[EXERCISE DESCRIPTION] Leave the pictures out, and transcribe the material below exactly from the line with "St. Derfel Of" to the line with "Plz follow her", both lines included.
START SOURCE MATERIAL
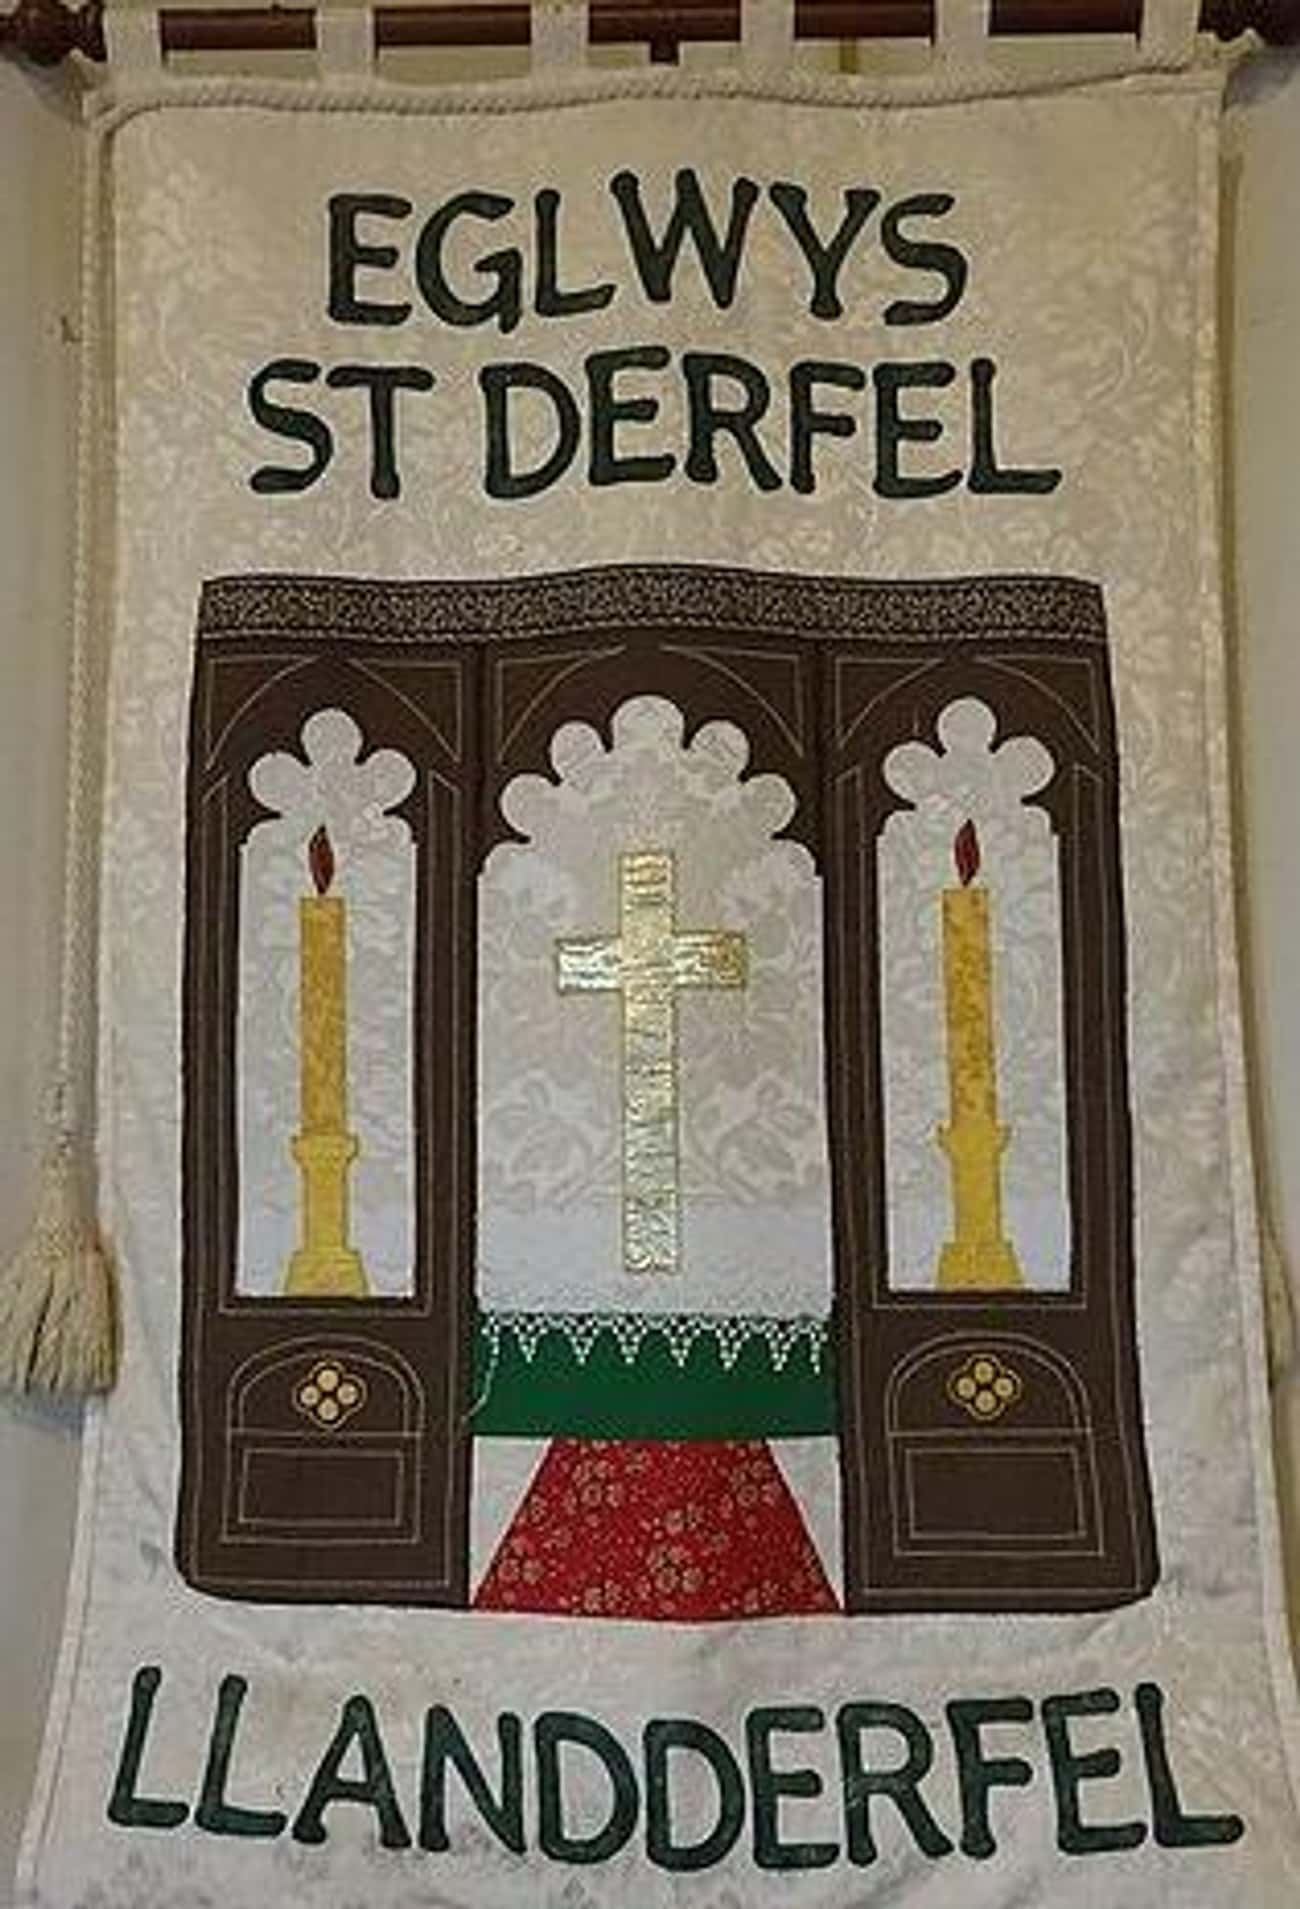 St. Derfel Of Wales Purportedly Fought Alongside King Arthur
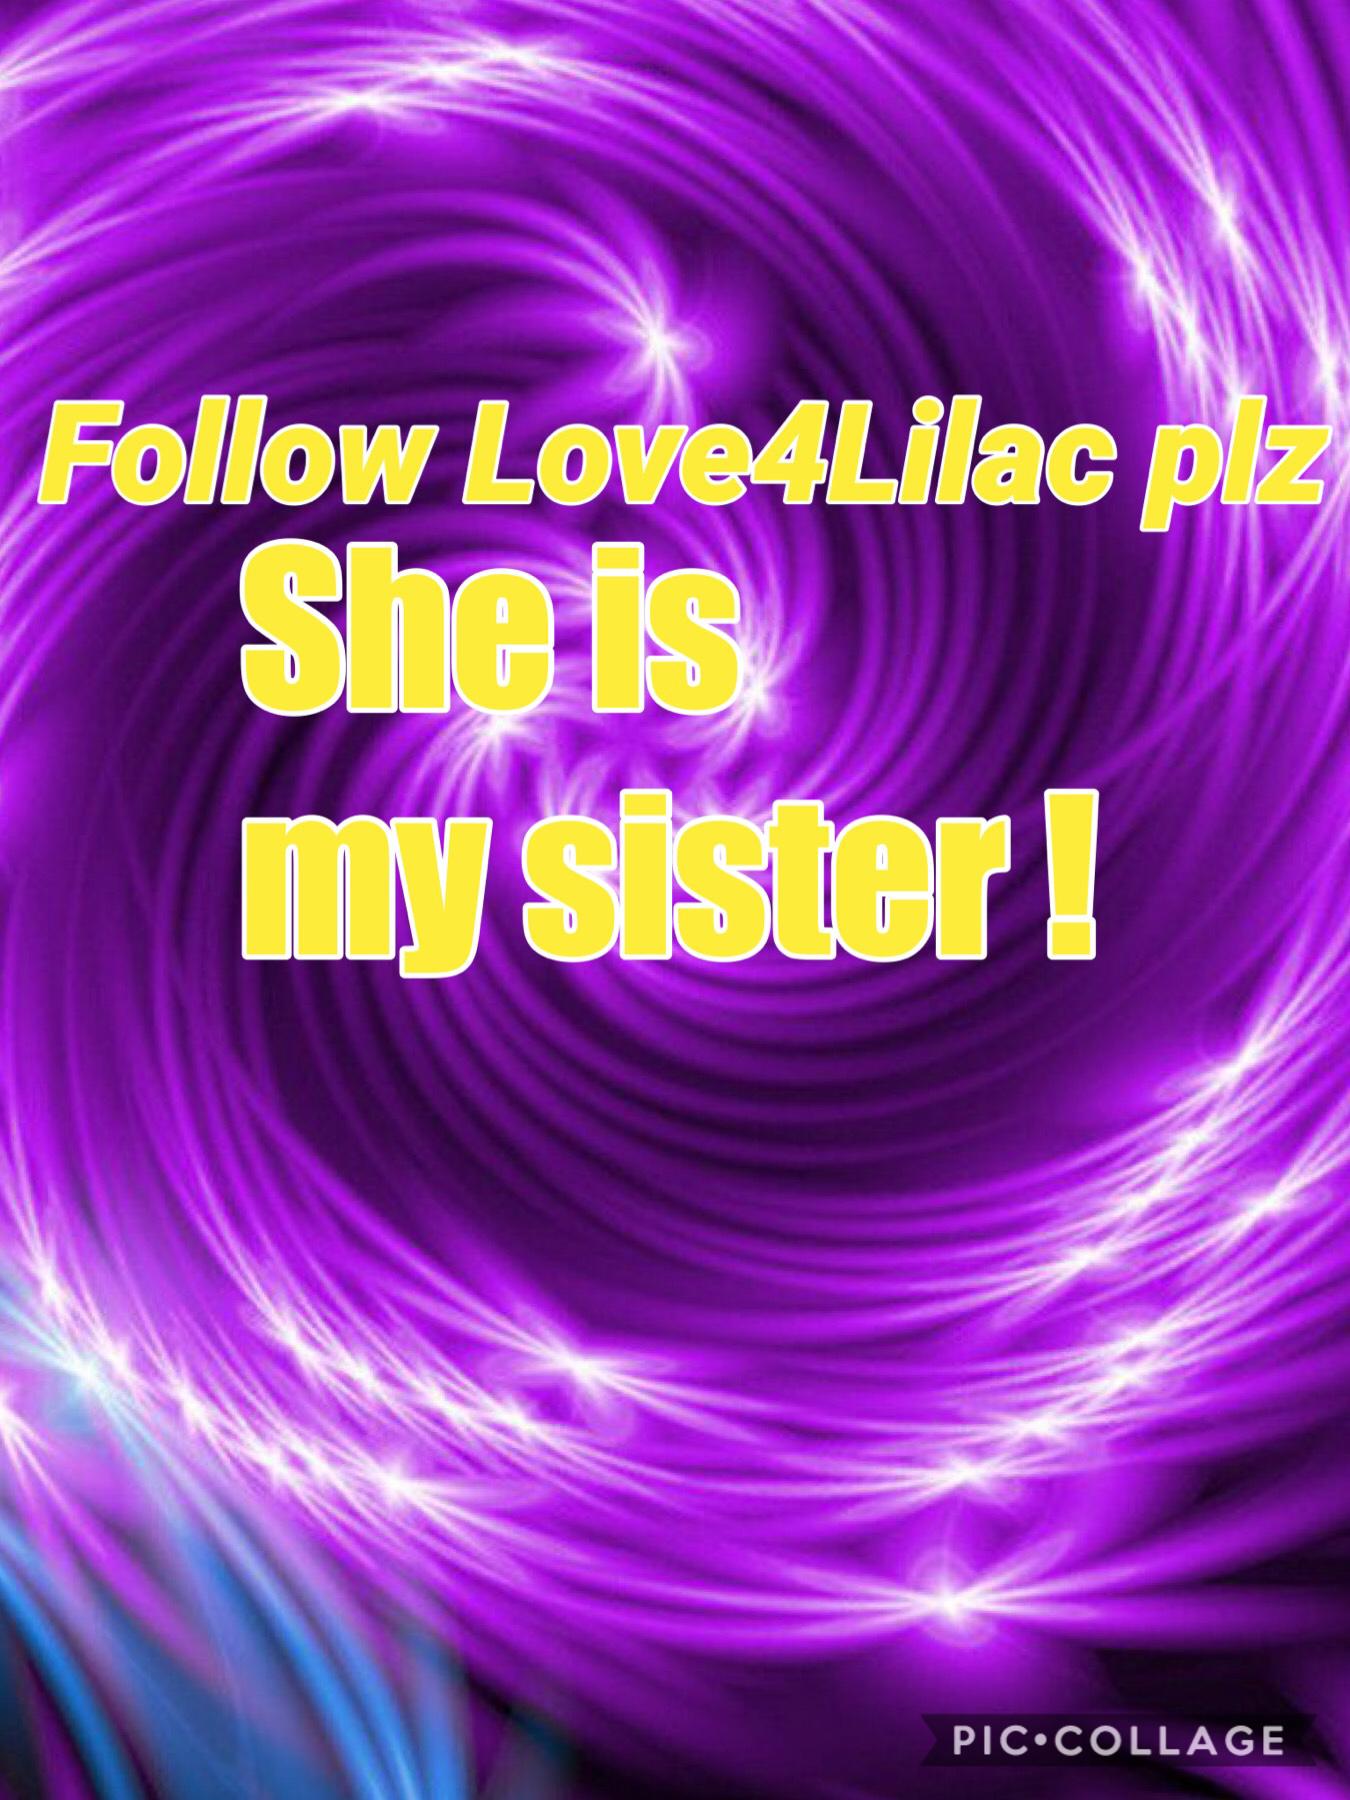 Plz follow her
END SOURCE MATERIAL
START SOURCE MATERIAL
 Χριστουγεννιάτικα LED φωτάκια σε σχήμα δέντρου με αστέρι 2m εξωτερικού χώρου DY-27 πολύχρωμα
END SOURCE MATERIAL
[ANSWER BOX]
 St. Derfel Of Wales Purportedly Fought Alongside King Arthur
 Plz follow her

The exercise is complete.